- YOUR ASSIGNMENT -
The line containing "C103 cope and" and every line after it, through the end of the records below, are to be reproduced exactly, with the pictures left out.

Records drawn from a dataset
■ ■ ■ ■

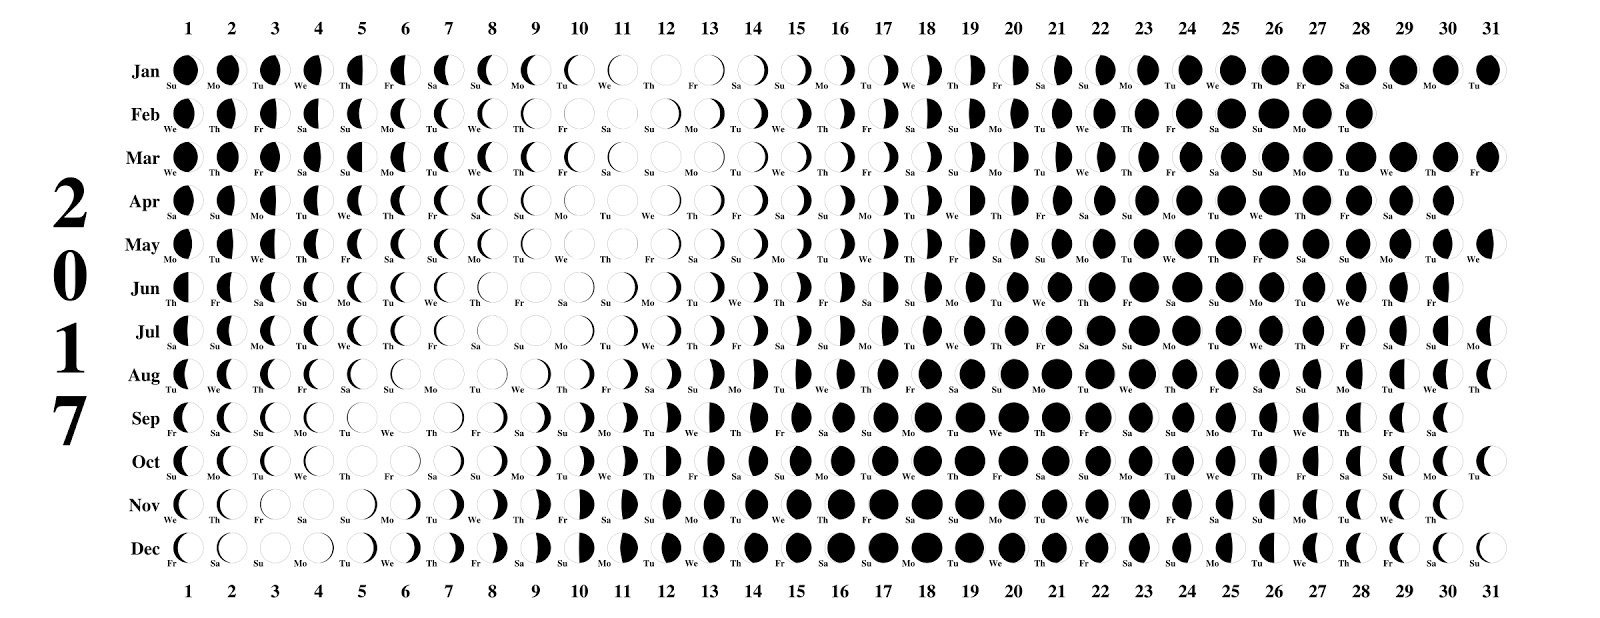 Full moon Calendar 2016 [Moon Schedule], Moon Phases Calendar 2017 ...
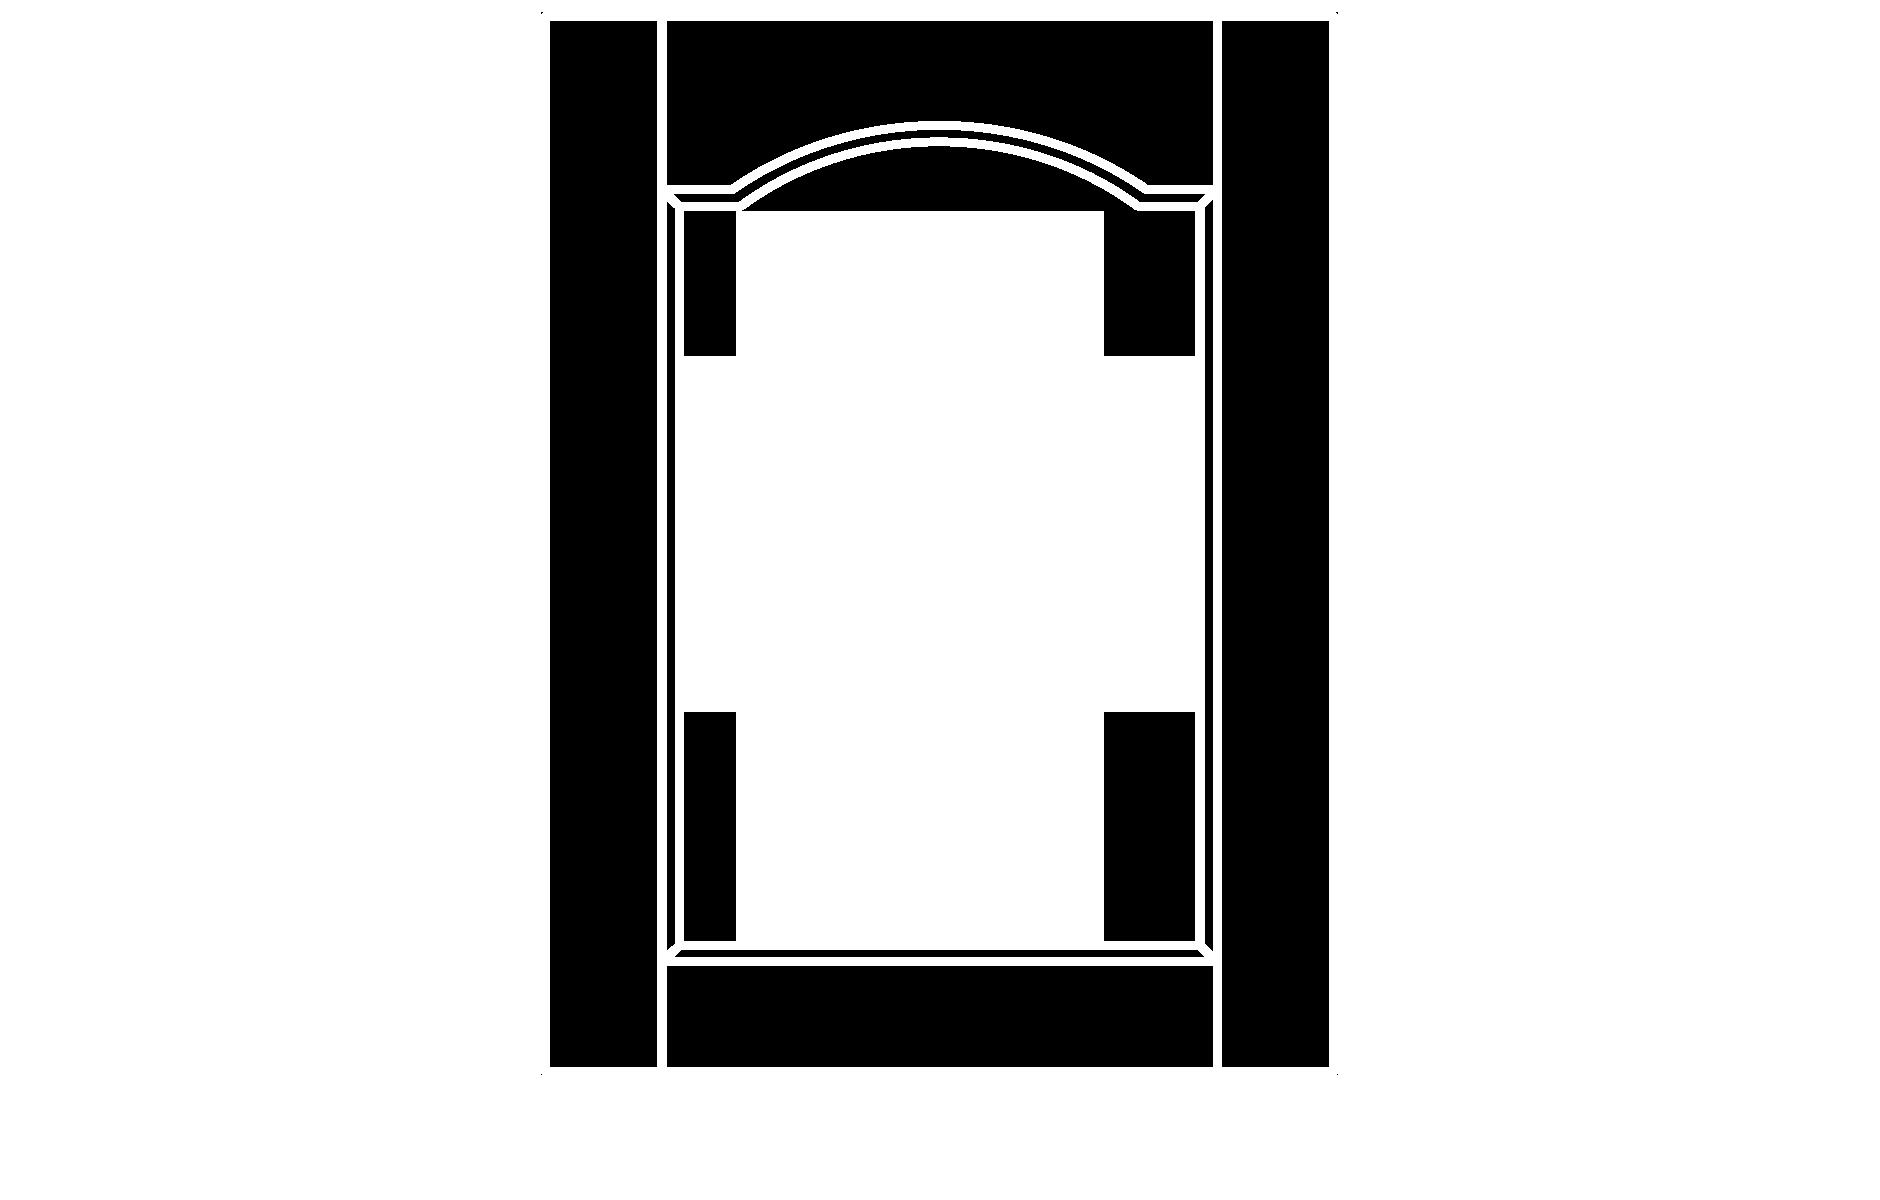 C103 cope and stick cabinet door configuration
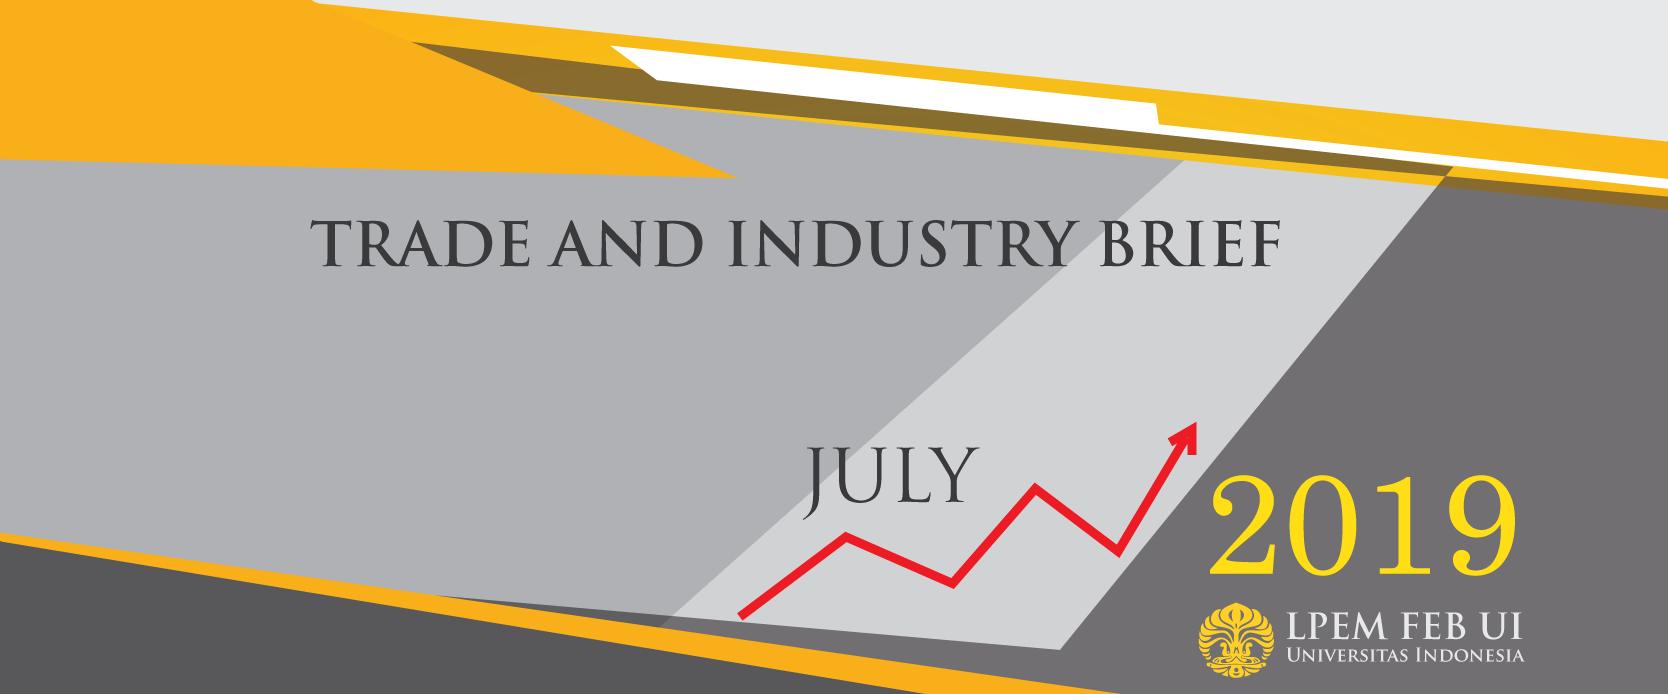 SERI ANALISIS EKONOMI: TRADE AND INDUSTRY BRIEF, Juli 2019
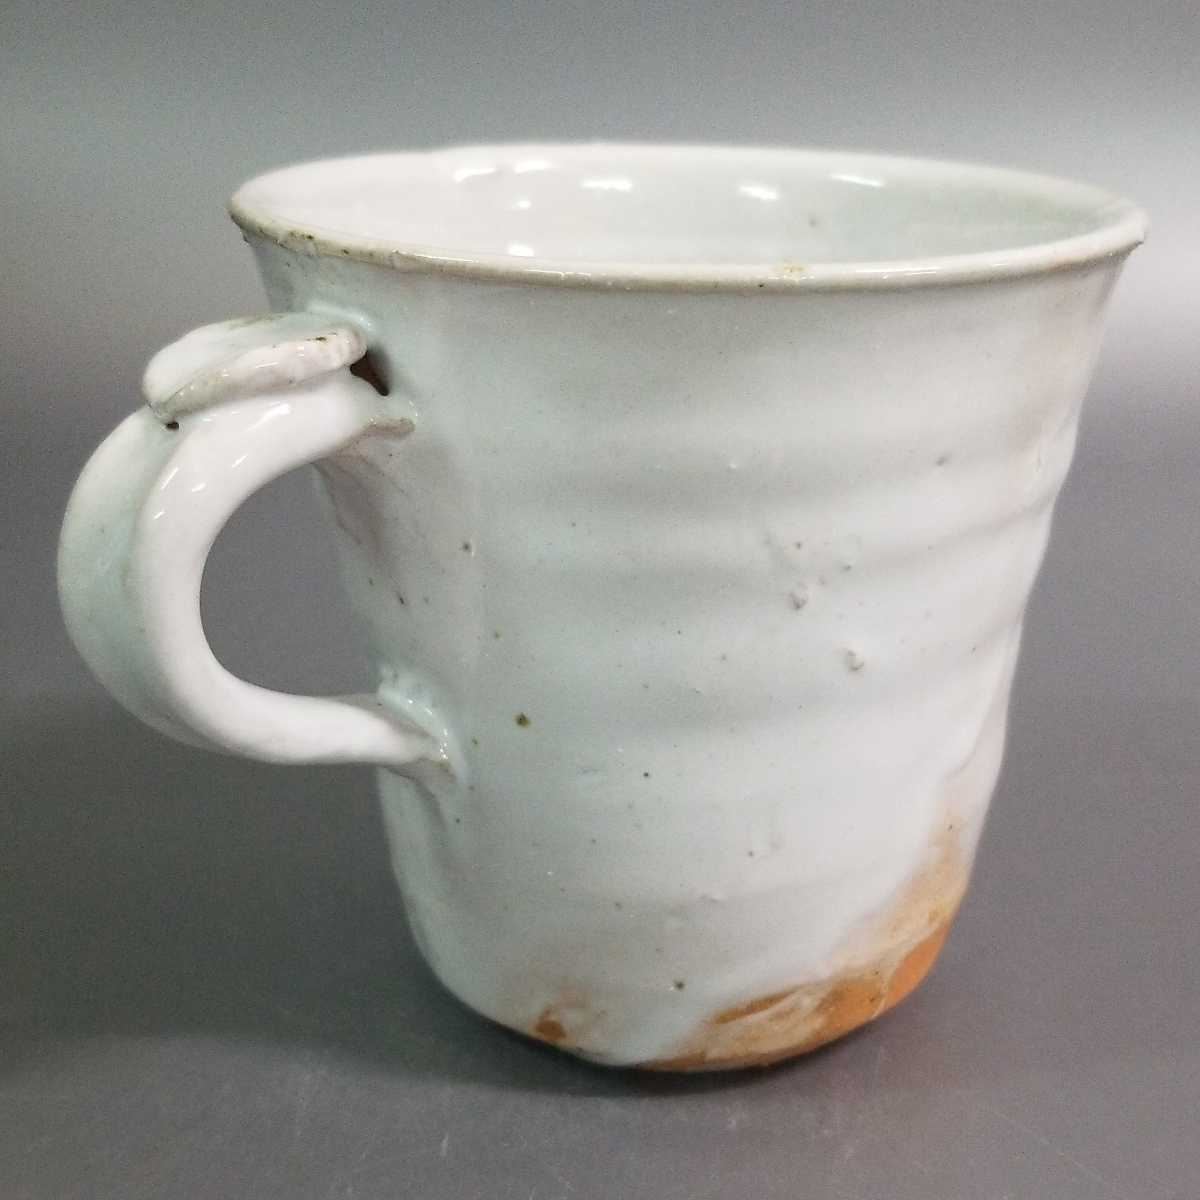 賜72)萩焼 渋谷泥詩 白萩マグカップ 珈琲器 茶器 未使用新品 同梱歓迎 _画像3
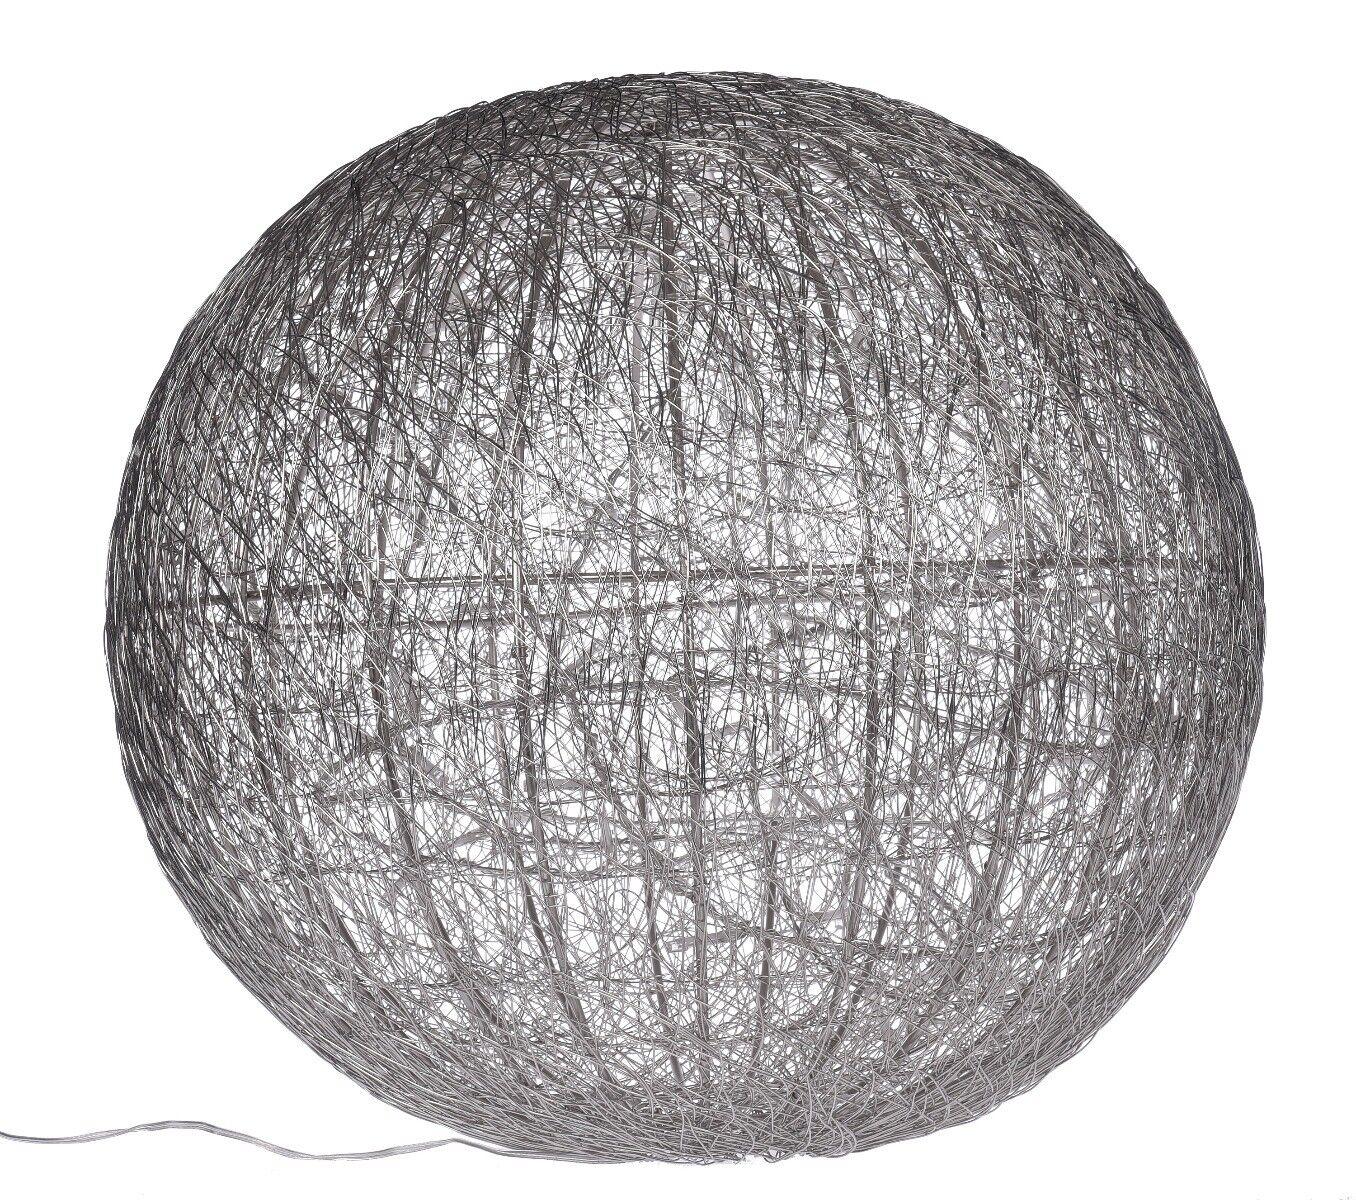 Kula świetlna Octagon śr. 40 cm

■ ■ ■ ■

- ANSWER FOR THE TASK -
 C103 cope and stick cabinet door configuration
 SERI ANALISIS EKONOMI: TRADE AND INDUSTRY BRIEF, Juli 2019
 賜72)萩焼 渋谷泥詩 白萩マグカップ 珈琲器 茶器 未使用新品 同梱歓迎 _画像3
 Kula świetlna Octagon śr. 40 cm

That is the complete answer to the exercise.